The use of a single callback function for two purposes (counting objects
and freeing them) irks some developers; it also makes the interface harder
to implement. So, one of the first steps in the new shrinker patch set is
to redefine the shrinker API to look like this:
long (*count_objects)(struct shrinker *s, struct shrink_control *sc);
long (*scan_objects)(struct shrinker *s, struct shrink_control *sc);
The roughly two-dozen shrinker implementations in the kernel have been
updated to use this new API.
The current shrinker API is not NUMA-aware. In an effort to improve that
situation, the shrink_control structure has been augmented with
a new field:
nodemask_t nodes_to_scan;
On NUMA systems, memory pressure is often not a global phenomenon.
Instead, some nodes will have plenty of free memory while others are
running low. The current shrinker interface will indiscriminately free
memory objects; it pays no attention to which NUMA node any given object is
local to As a result, it can
dump a lot of cached data without necessarily helping to address the real
problem. In the new scheme, shrinkers should observe the
nodes_to_scan field and only free memory from the indicated NUMA
nodes.
LRU lists
A maintainer of an existing shrinker implementation may well look at the
new NUMA awareness requirement with dismay. Most shrinker implementations
are buried deep within filesystems and certain drivers; these subsystems do
not normally track their cached items by which NUMA node holds them. So it
appears that shrinker implementations could get more complicated, but that
turns out not to be the case.
While looking at the shrinker code, Dave Chinner realized that most
implementations look very much the same: they maintain a
least-recently-used (LRU) list of cached items. When the shrinker is
called, a pass is made over the list in an attempt to satisfy the request.
Much of that code looked well suited for a generic replacement; that
replacement, in the form of a new type of linked list, is part of the
larger shrinker patch set.
The resulting "LRU list" data structure encapsulates a lot of the details
of object cache management; it goes well beyond a simple ordered list.
Internally, it is represented by a set of regular list_head
structures (one per node), a set of per-node object counts, and per-node
spinlocks to control access. The inclusion of the spinlock puts the LRU
list at odds with normal kernel conventions: low-level data structures do
not usually include their own locking mechanism, since that locking is
often more efficiently done at a higher level.
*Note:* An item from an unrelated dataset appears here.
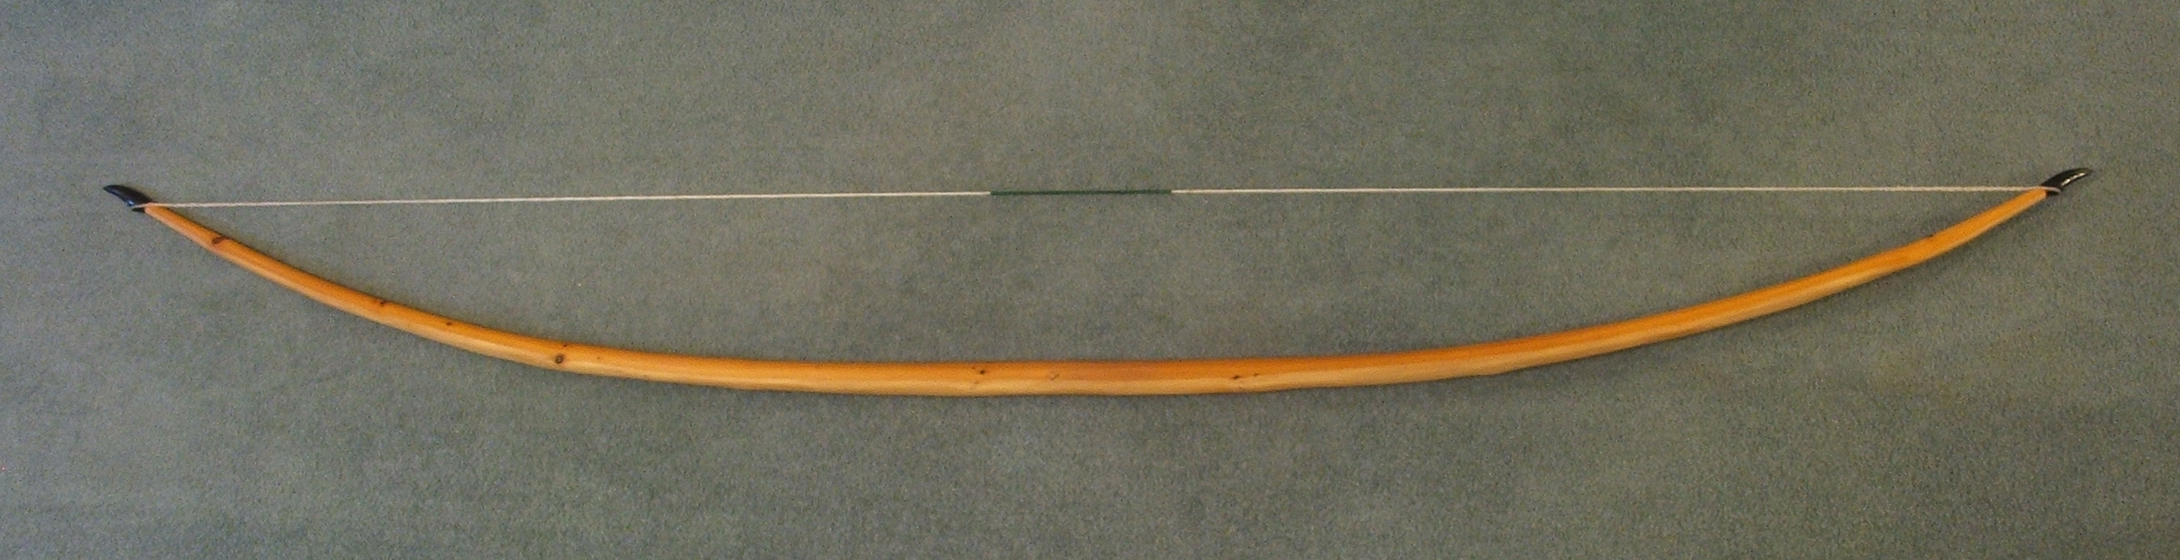 English Longbow, Wikimedia Commons

In this case, putting the
lock in the data structure allows it to provide per-node locking without
the need for NUMA awareness in higher-level callers.
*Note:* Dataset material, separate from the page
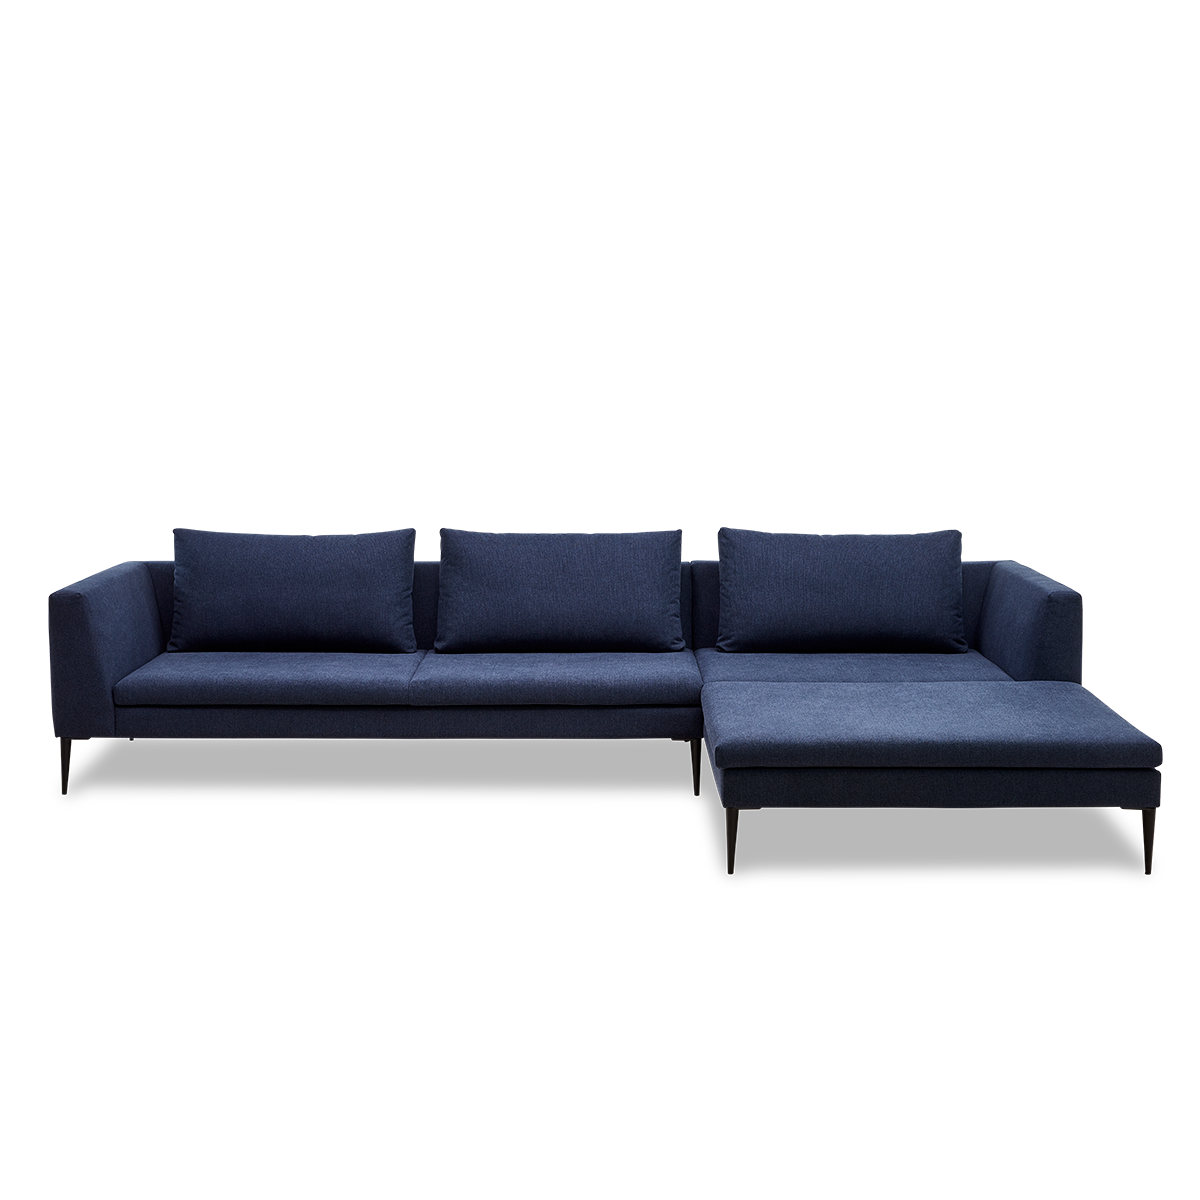 Chili chaiselong sofa fra Kragelund monteret med slidstærkt blåt møbelstof og sorte metalben

The basic API for the management of LRU lists is pretty much as one might
expect:
#include <linux/list_lru.h>
int list_lru_init(struct list_lru *lru);
int list_lru_add(struct list_lru *lru, struct list_head *item);
int list_lru_del(struct list_lru *lru, struct list_head *item);
A count of the number of items on a list can be had with
list_lru_count(). There is also a mechanism for walking through
an LRU list that is aimed at the needs of shrinker implementations:
unsigned long list_lru_walk(struct list_lru *lru,
list_lru_walk_cb isolate,
void *cb_arg,
unsigned long nr_to_walk);
unsigned long list_lru_walk_nodemask(struct list_lru *lru,
list_lru_walk_cb isolate,
void *cb_arg,
unsigned long nr_to_walk,
nodemask_t *nodes_to_walk);
Either function will wander through the list, calling the
isolate() callback and, possibly, modifying the list in
response to the callback's return value. As one would expect,
list_lru_walk() will pass through the entire LRU list, while
list_lru_walk_nodemask() limits itself to the specified
nodes_to_walk. The callback's prototype looks like this:
typedef enum lru_status (*list_lru_walk_cb)(struct list_head *item,
spinlock_t *lock,
void *cb_arg);
Here, item is an item from the list to be examined, lock
is the spinlock controlling access to the list, and cb_arg is
specified by the original caller. The return value can be one of four
possibilities, depending on how the callback deals with the given
item:
- LRU_REMOVED indicates that the callback removed the item from
the list; the number of items on the list will be decremented
accordingly. In this case, the callback does the actual removal of
the item.
- LRU_ROTATE says that the given item should be moved to the
("most recently used") end of the list. The LRU list code will
perform the move operation.
- LRU_RETRY indicates that the callback should be called again
with the same item. A second LRU_RETRY return will cause the
item to be skipped. A potential use for this return value is if the
callback notices a potential deadlock situation.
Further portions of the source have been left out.